Segera saja aku meminum segelas air putih yang diberikan oleh Wangi.
"Kau tidak apa?" tanyanya.
Kurasa wajahku memerah karena tersedak tadi. Rasa dari makanan yang bernama Jukut Harsyan ini sangat aneh, membuat lidahku terkejut bukan main.
"Bumbu apa yang dipakai?" Aku bertanya sembari mengusap ekor mata yang sedikit basah. Rasanya aneh sekali.
"Rempah-rempah biasa, Ndoro. Kencur, lengkuas, kunyit, dan bubuk kemenyan," balas Wangi yang membuatku tersedak lagi.
"Kemenyan?" Langsung saja aku menengguk minuman milik Hayam Wuruk karena minumanku telah habis. Aku tidak percaya telah memakan kemenyan.
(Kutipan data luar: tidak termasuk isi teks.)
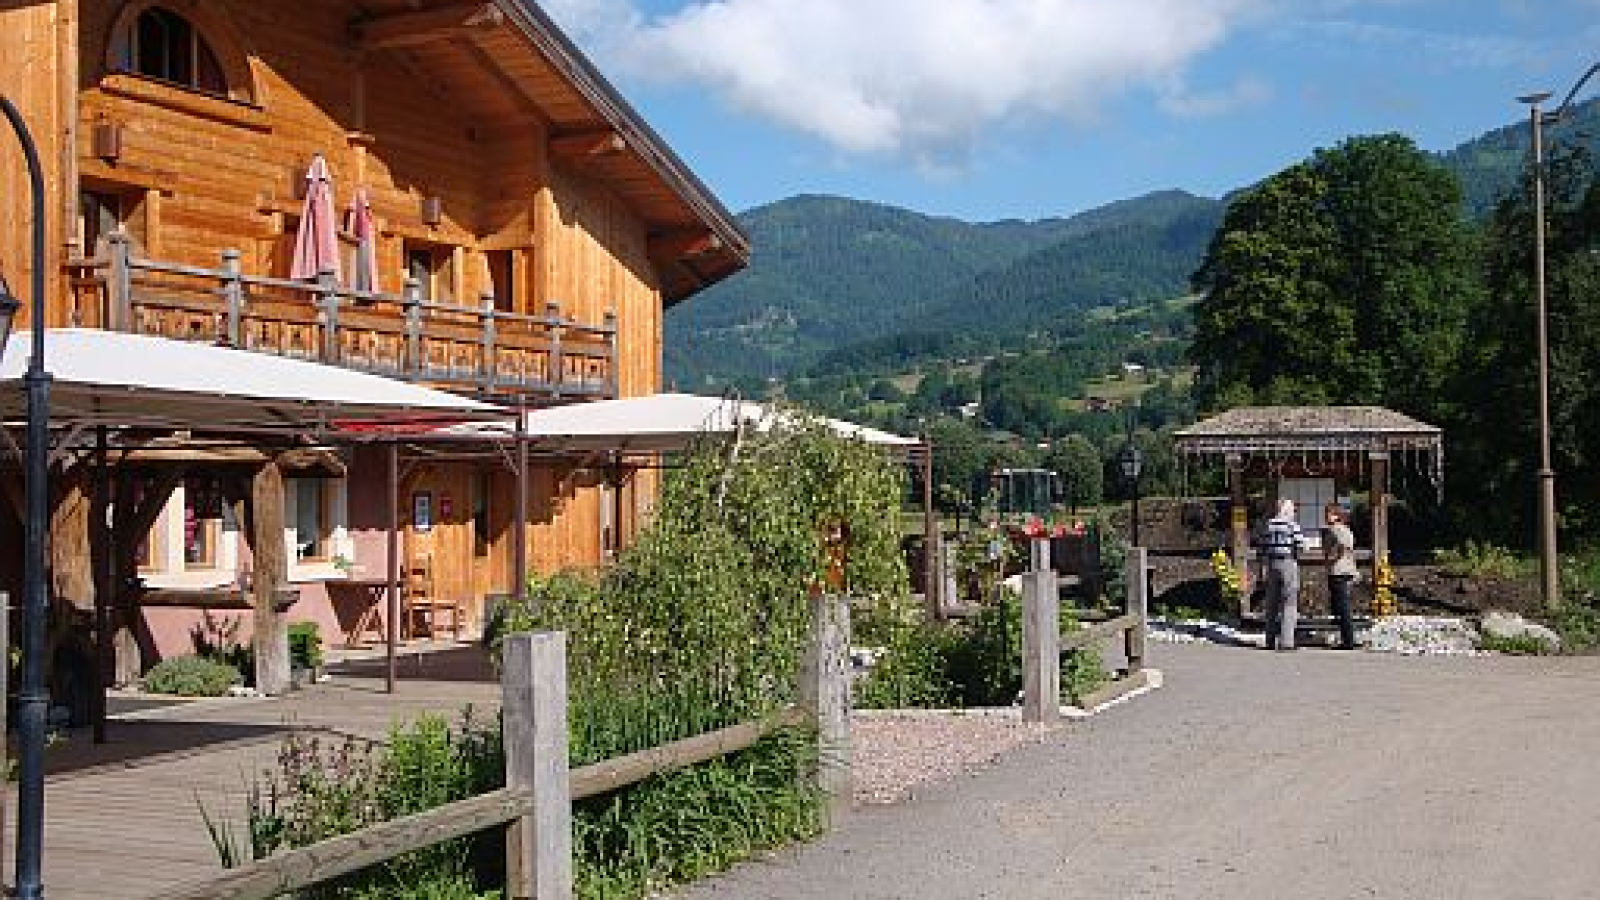 View of the chalet in summer

Bukankah itu yang biasanya digunakan untuk memanggil dedemit?
"Minumlah pelan-pelan," ucap Hayam Wuruk yang sama sekali tak kuhiraukan.
"Maaf karena menghabiskan minumanmu," ujarku kepada Hayam Wuruk. Aku sedikit malu karena merasa serakah.
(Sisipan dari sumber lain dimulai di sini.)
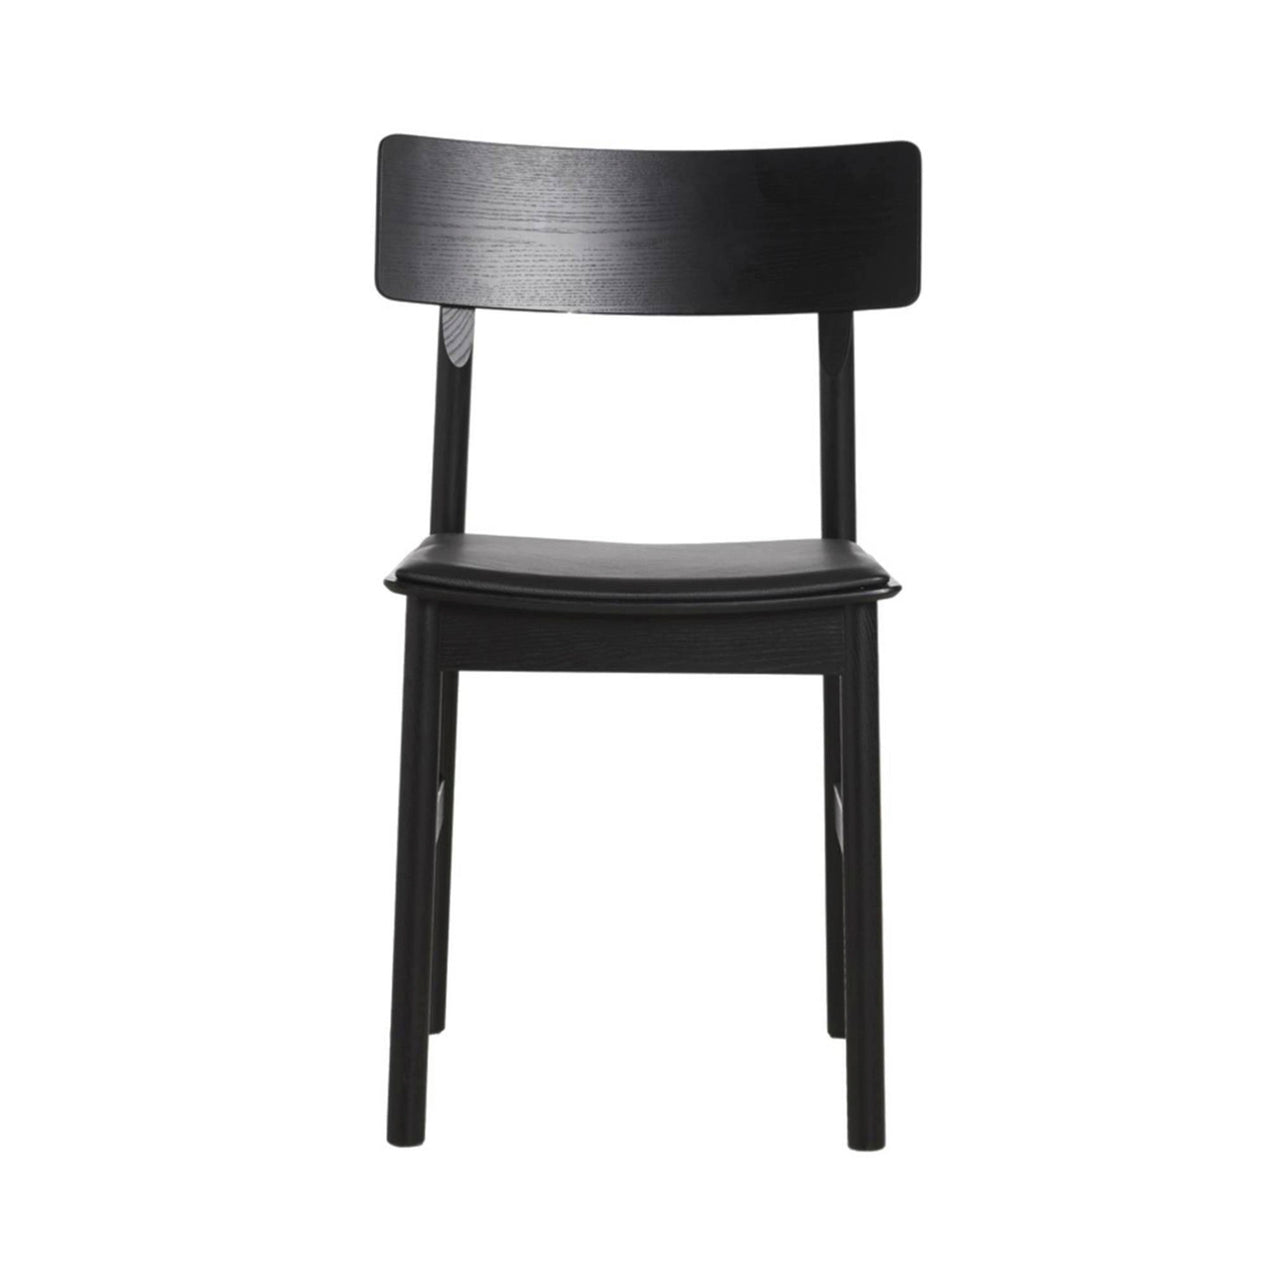 Pause Dining Chair 2.0: Set of 2 + Black Painted Ash + With Black Seatpad

Hayam Wuruk hanya menggeleng. "Apa kau baik-baik saja?"
"Sepertinya tidak. Bagaimana bisa aku memakan makanan seperti itu." Aku menatap tak suka.
"Ini sungguh enak, Kirana. Bagaimana bisa kau tidak suka?" Dengan ekpresi mengejek, Hayam Wuruk menyantap Jukut Harsyan-nya.
Aku menggeleng mendengar ucapan Hayam Wuruk barusan. Sungguh tega karena Hayam Wuruk dan Wangi menikmati makanan itu tanpa memedulikan diriku.
Menopang kepala dengan tangan kiri, pandanganku mengarah kepada orang-orang yang hilir-mudik di jalan yang berada di sampingku.
Aku lalu menoleh sekilas kala Hayam Wuruk beranjak dari tempat duduk dam berjalan menuju sang penjual Jukut Harsyan ini.
Beberapa saat kemudian, Hayam Wuruk kembali. Ia duduk di depanku sembari menyodorkanku piring yang terbuat dari gerabah. Di atas piring itu ada dua jenis makanan, yang satu berwarna coklat, satunya lagi dibungkus dengan daun kelapa.
"Apa ini?" Aku tak mau makan makanan yang aneh-aneh lagi. Jangan-jangan yang ini terbuat dari bunga kantil.
"Makan saja, Kirana. Ini enak. Kupastikan kau akan menyukainya." Hayam Wuruk kembali mendekatkan piring itu kepadaku.
Tanganku bergerak ragu untuk mengambil makanan berbentuk kubus tipis yang berwarna coklat. Saat kucoba, rasanya enak dan tidak asing di lidah.
"Ini namanya apa?" tunjukku ke makanan yang tengah kunikmati.
"Itu namanya wajik, sedangkan yang dibungkus daun kelapa itu lepet," jawab Hayam Wuruk.
Aku mengangguk paham. Aku pun mencoba makanan yang bernama lepet. Dari tampangnya, bisa kupastikan ini terbuat dari beras ketan, kacang dan santan.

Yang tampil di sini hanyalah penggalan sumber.